День перевалил на вторую половину. Женщина только собралась прилечь — уж очень устала, и спину ломило, да нога покоя не давала, но, взглянув в очередной раз в окно, увидела вдалеке белоснежную машину, которая как корабль горделиво плыла по узким улочкам деревни. Нина Михайловна в недоумении застыла — у сына совсем другой автомобиль, а кроме неё ни к кому больше не приезжают. В деревне и живёт-то всего десяток семей. Дачникам рано. Но нет, машина подъехала к её дому. И остановилась.
Женщина, забыв про больную ногу и спину, выскочила на улицу. Сын со снохой вышли из автомобиля и встретили её.
— Андрюшенька, Юля, ну что же вы стоите? А дети где? — волновалась Нина Михайловна, суетливо заглядывая сквозь тонированные стёкла внутрь машины.
— Здравствуй, мам, — Андрюша обнял мать. — Ну что ты плачешь? Да ладно тебе, перестань…
— Здравствуйте, Нина Михайловна, — подошла Юля и протянула свекрови тортик и букет каких-то невообразимо ярких цветов в блестящей упаковке. — Это вам.
— А дети где? — переспросила хозяйка дома.
— А дети уже взрослые, им с нами неинтересно, — усмехнулся Андрей и нежно погладил крыло автомобиля. — Смотри, мам, новую купили. Зверь! По любой дороге проедет. Представляешь, за два часа до тебя долетели — красота!

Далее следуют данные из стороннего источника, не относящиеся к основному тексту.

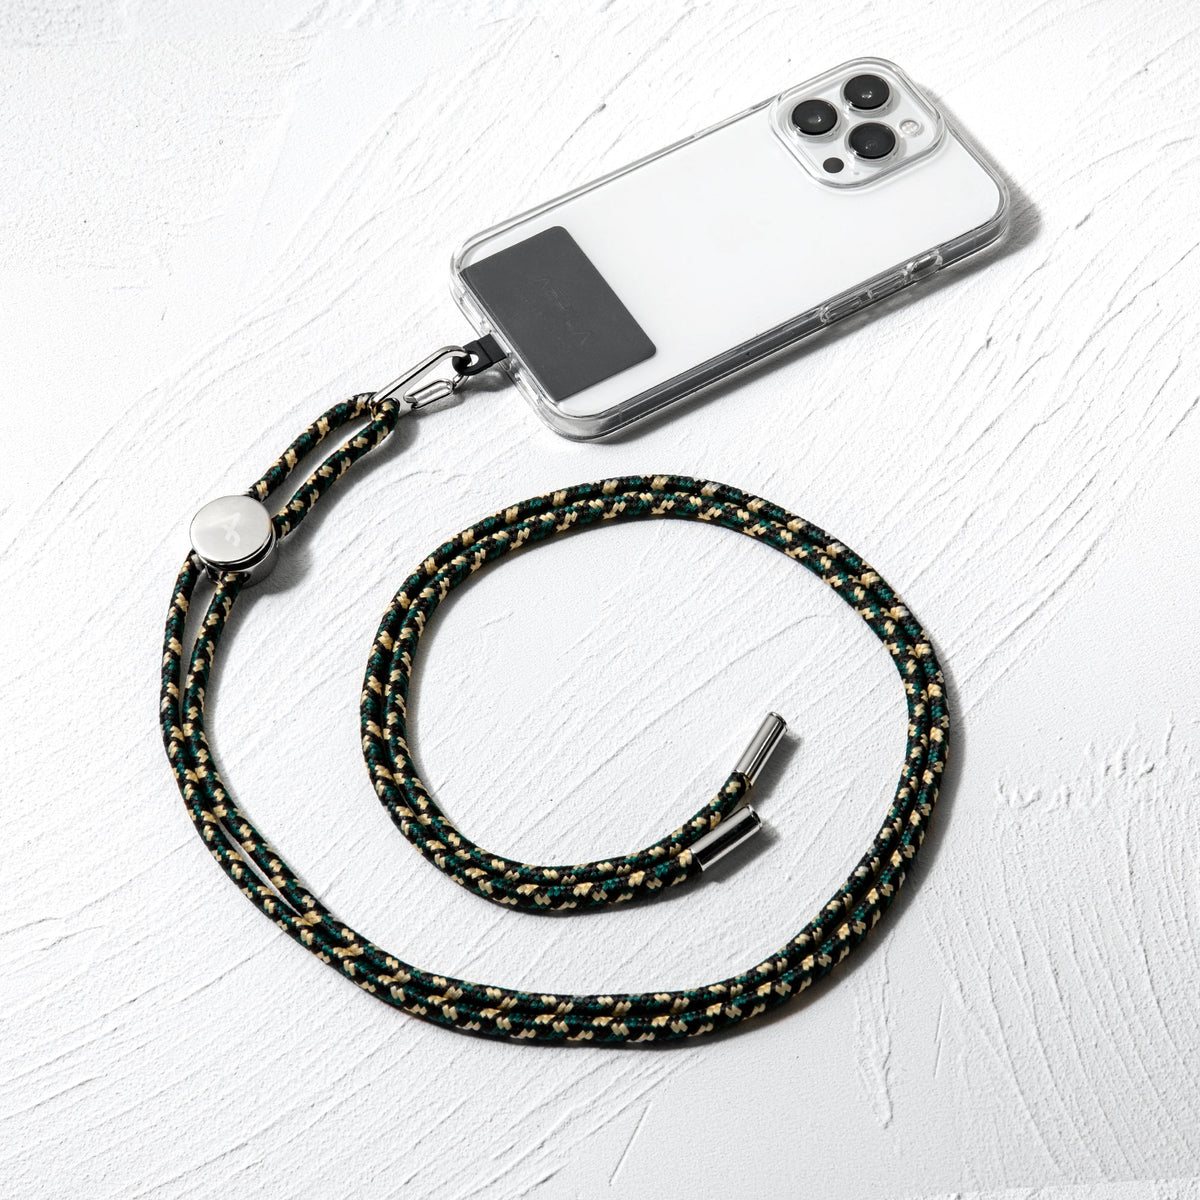 NORE Phone Lanyard set with Connector Patch Card | ADVENTURE Collection - AERILA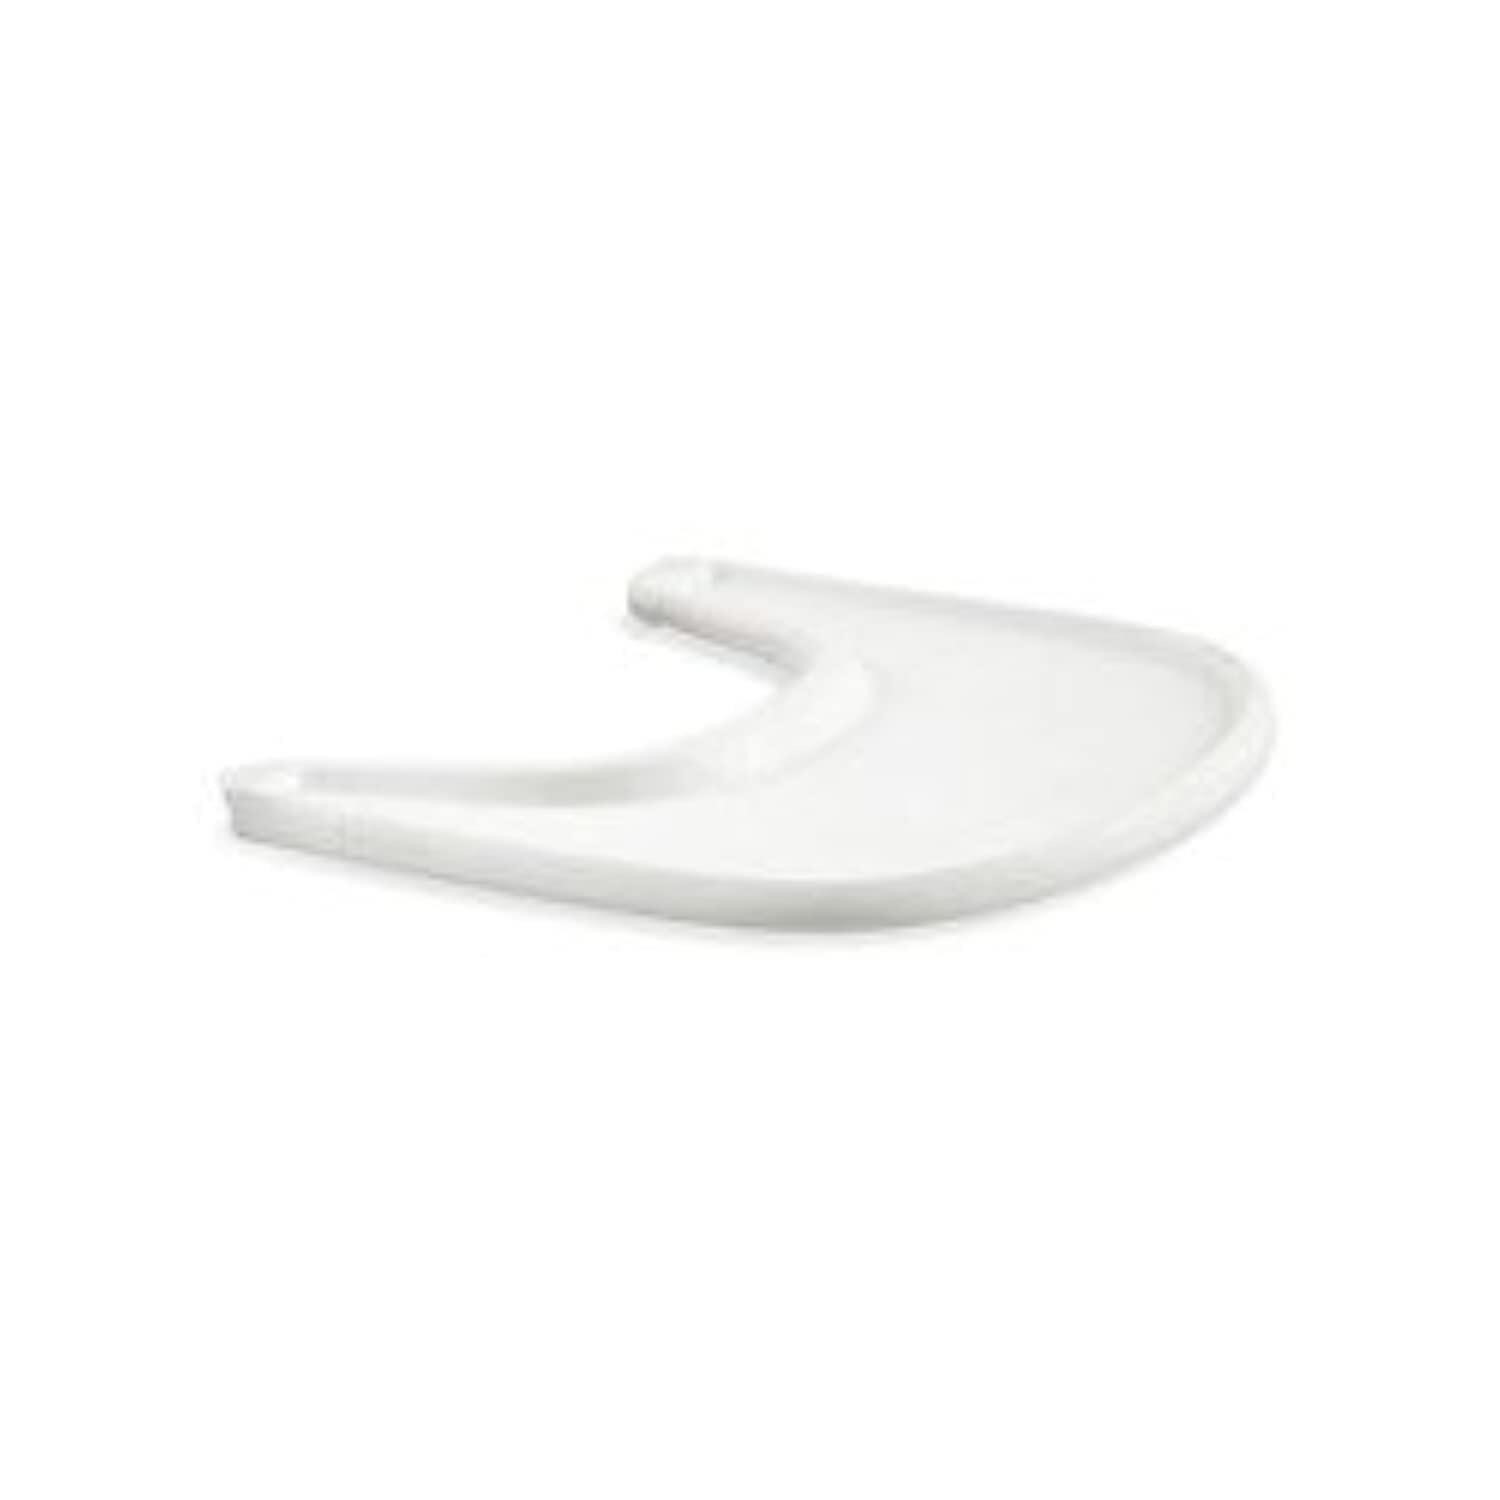 Stokke Tray, White - Designed Exclusively for Trip

Нравится?
Нина Михайловна кивнула, а сама радовалась, что у неё уже всё готово и можно сразу садиться к столу, чтобы поесть с дороги.
— Пойдёмте в дом, что же мы тут стоим? — снова засуетилась она.
Сын, обходя груду дров и закрывая покосившуюся калитку, печально качнул головой. Сноха, пренебрежительно переступая через сломанную ступеньку, сказала:
— Вы бы хоть наняли кого-нибудь, пусть бы вам дом поправили. Ноги же можно переломать, страшно входить…
Нина Михайловна растерянно открыла дверь. Цветы и торт в руках мешались, постоянно за что-то цеплялись. Андрей придирчиво оглядел сразу ставшую тесной кухню, заглянул в комнату, прошёл к столу. Взял с тарелки кусок колбасы, брезгливо понюхал и положил обратно.
— Что, Андрюшенька, что-то не так? Вроде свежая должна быть колбаска. Вчера покупала.
— Да не, мам, всё в порядке.
— Ну, давайте, давайте, идите скорее к столу. Голодные, небось, с дороги? Я борщ сварила, такой, как ты, Юля, любишь. И котлетки сделала, Андрюш, твои любимые, мяса не пожалела, — суетилась мама, доставая из холодильника бутылку вина и, хранившуюся на всякий случай, бутылку водки.
Сноха взяла с тарелки солёный огурец, присела на краешек дивана и аппетитно захрустела:
— Ох, как же я люблю ваши огурчики, Нина Михайловна.
Хозяйка торопливо вытерла передником руки и вытащила трёхлитровую банку. Последняя. Ну и пусть. Всё-таки не чужие люди, не жалко.
— Вот, возьмите с собой. Поедете — не забудьте.
Однако за стол никто не сел. Юля взглянула на часы. Нине Михайловне стало неловко, она словно почувствовала что-то неладное и тоже присела на краешек дивана, испуганно глядя на сына.
— Мам, ты извини, мы, собственно, за огурцами к тебе и заехали. Мимо проезжали. К друзьям. На шашлыки. Давно уже договорились. На дачу.
— Что, даже чаю не попьёте? — женщина сжимала руками край халата.
— Мам, ну ты пойми, я же говорю, мы давно договорились. Нас люди ждут. Мам, ну ты не обижайся, мы как-нибудь потом заедем. Ну, понимаешь, всего два выходных, хочется как-то отдохнуть, расслабиться после работы.
Нина Михайловна молча кивала, пытаясь вглядеться в глаза сына. Андрей вытащил из кармана толстый бумажник, достал оттуда две пятитысячных купюры и положил на стол. Подумал. Достал ещё одну и положил рядом.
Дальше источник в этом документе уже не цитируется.